The report and proceedings of the commissioners were here offered, as connected with the subsequent agreement made between the parties, and their conduct in relation to the land, showing that *652a parol partition, was made between them. The report and plat of the lands, though not valid as a judicial partition, were necessary to explain the acts of the parties with reference to them, and if those proceedings were sanctioned by the parties interested, and they afterwards made them the basis upon which they divided the lands among themselves, such ratification would render these proceedings valid as a part of the agreement for partition, and they would be competent evidence, as private writings, forming part of the res gestee.

The subsequent acts of the parties tend clearly to show that the partition intended to be made by the commissioners, was carried out by the parties. The written agreement made by them in December, 1848, has direct reference to it, and shows what portion of the land was agreed to be allotted to A. C. Hall; and the testimony of Mabin shows still more explicitly, that the partition, a3 made by the commissioners, was adopted by the heirs, and that all the uncertainty in the report was cured by the private agreement of the parties, Mrs. Pierce taking lot number two, as described in the plat and report, and A. 0. Hall taking lot number five, and each party taking possession of his own portion. And the additional evidence offered by the defendant corroborates the same view.

It is therefore plain, that the parties treated the partition intended to be made by the commissioners as valid, and that they cured any insufficiency in it by their own private action and agreement; and that this was clearly established by the evidence offered in behalf of the defendant.

The only question then, upon which the competency of this evidence depends, is, whether it is competent to show.a partition by parol, between coparceners or tenants in common. And there can be no doubt but that such an agreement, when carried out by the parties taking possession in severalty, is valid, and effectual to conclude the rights of the others against the respective parties so holding in severalty. Corbin v. Jackson, 14 Wend. 619; Jackson v. Harder, 4 Johns. R. 202; Piatt v. Hubbell, 5 Ohio Rep. 243; Slice v. Derrick, 2 Richardson, 627.

Treating the case, therefore, as one of parol partition, with pos*653session in severalty accompanying and following it, it is clear that all the evidence offered together by the defendant, to show such a partition, was competent, and should have been admitted.
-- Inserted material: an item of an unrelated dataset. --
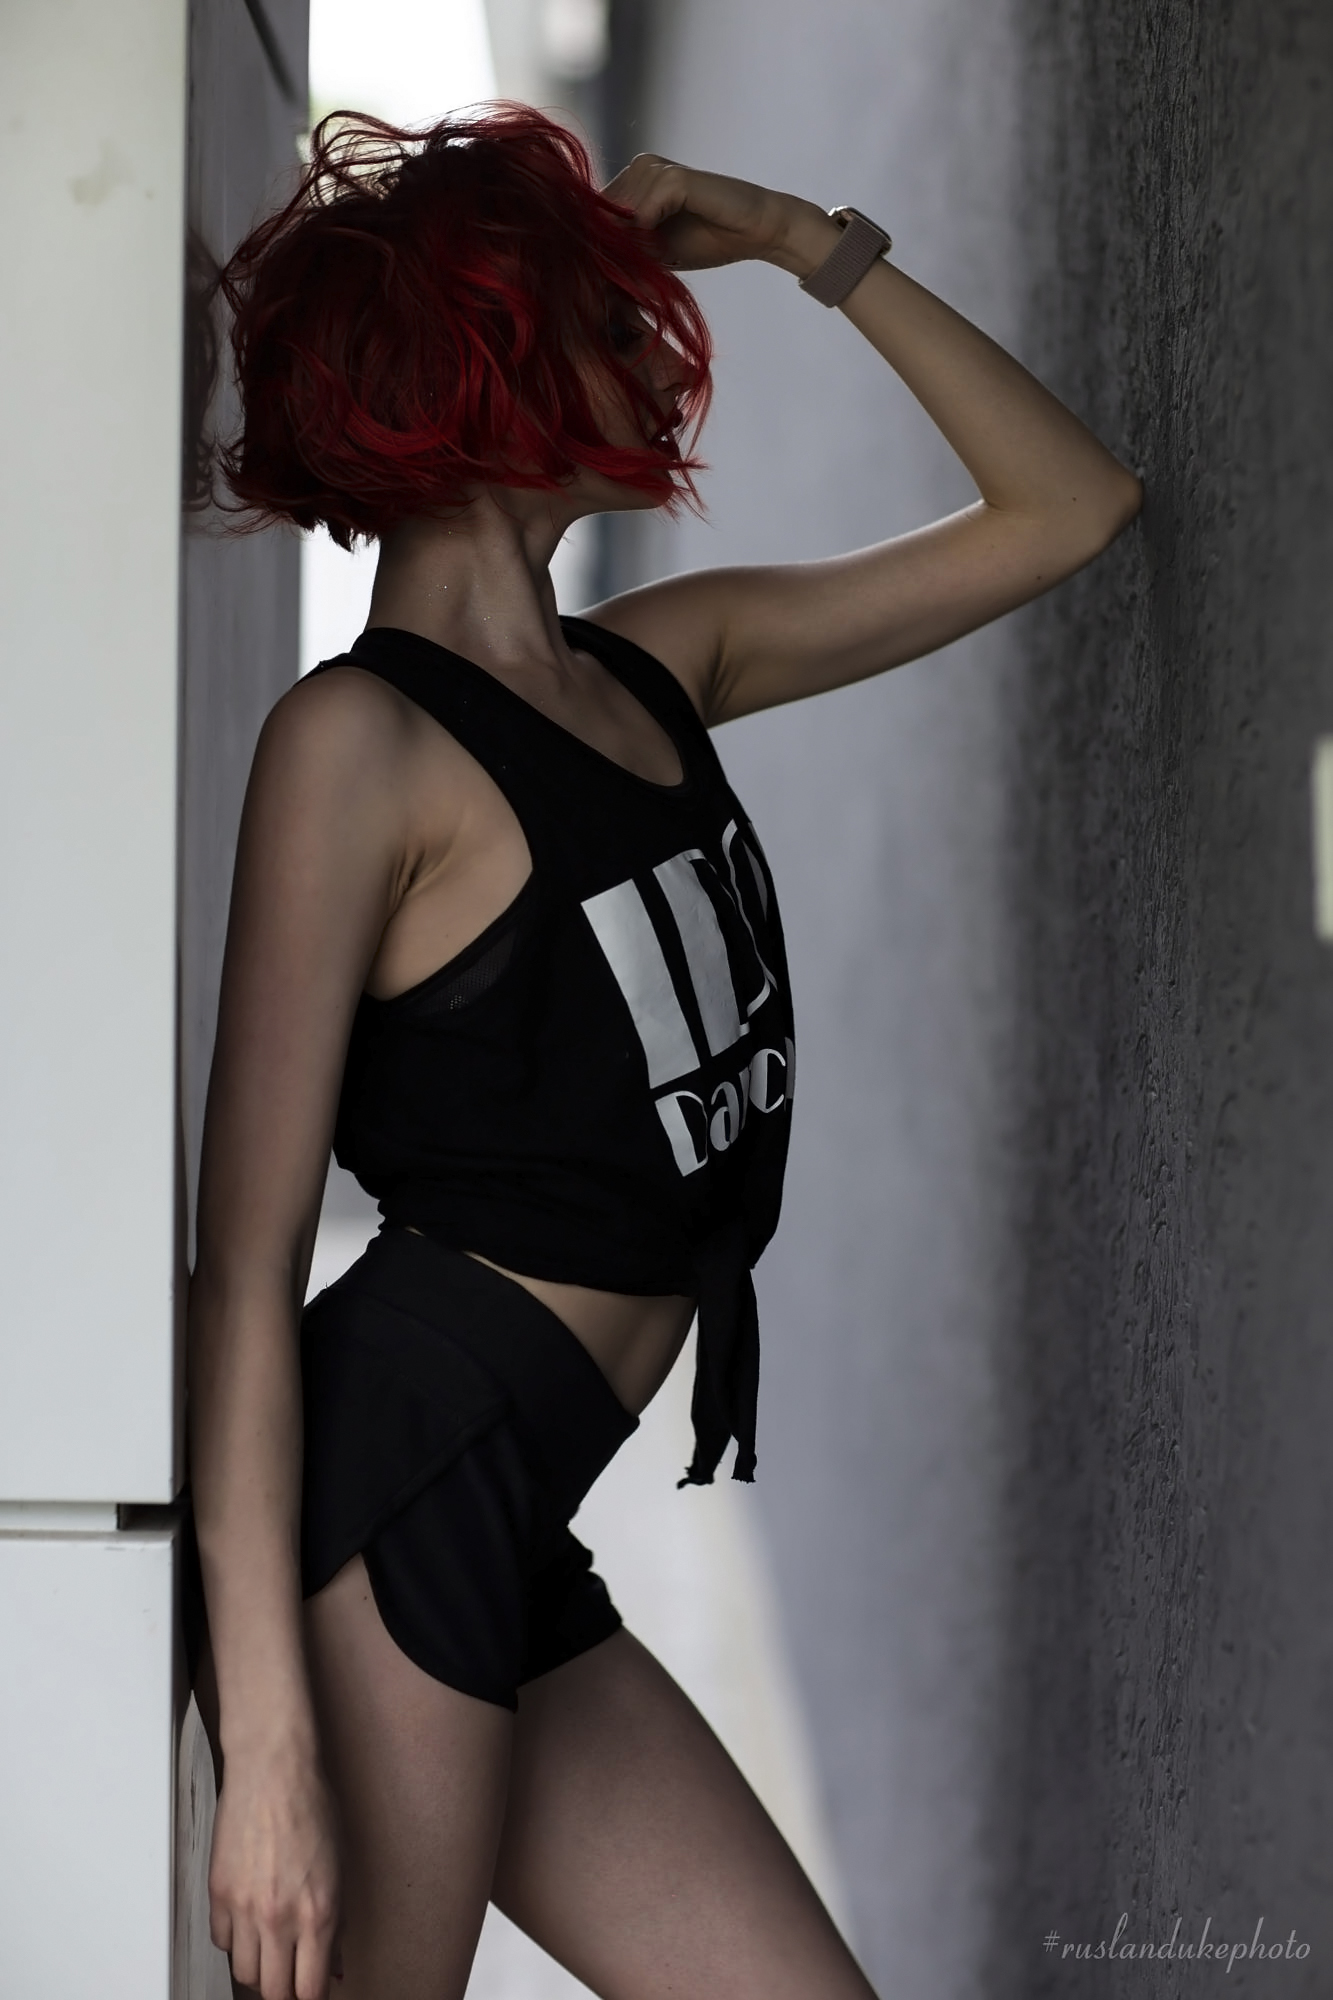 Ruslan Duke Women Redhead Short Hair Messy Hair Watch Tank Top Black Clothing Shorts Wall Profile 1333x2000

But the written agreement of December, 1843, signed and sealed by A. C. Hall, taken in connection with the commissioners’ report and plat of the land, as a mere written memorandum, shows substantially a partition by deed. That agreement, it is true, is executory ; but the evidence subsequently offered shows that the terms therein stated were complied with; and it was clearly competent to show such compliance by parol evidence. This agreement and the action of the parties under it, would estop A. C. Hall from setting up any claim to other parts of the land in opposition to his election, especially when possession in severalty had passed in conformity to it, to the parties respectively, and had been continued and acquiesced in for a number of years; and any one claiming under A. C. Hall would also be estopped.

It-is manifest, therefore, that the several parts of the evidence offered in behalf of the defendant, were erroneously ruled out.

The judgment is reversed, and the cause remanded for a new trial.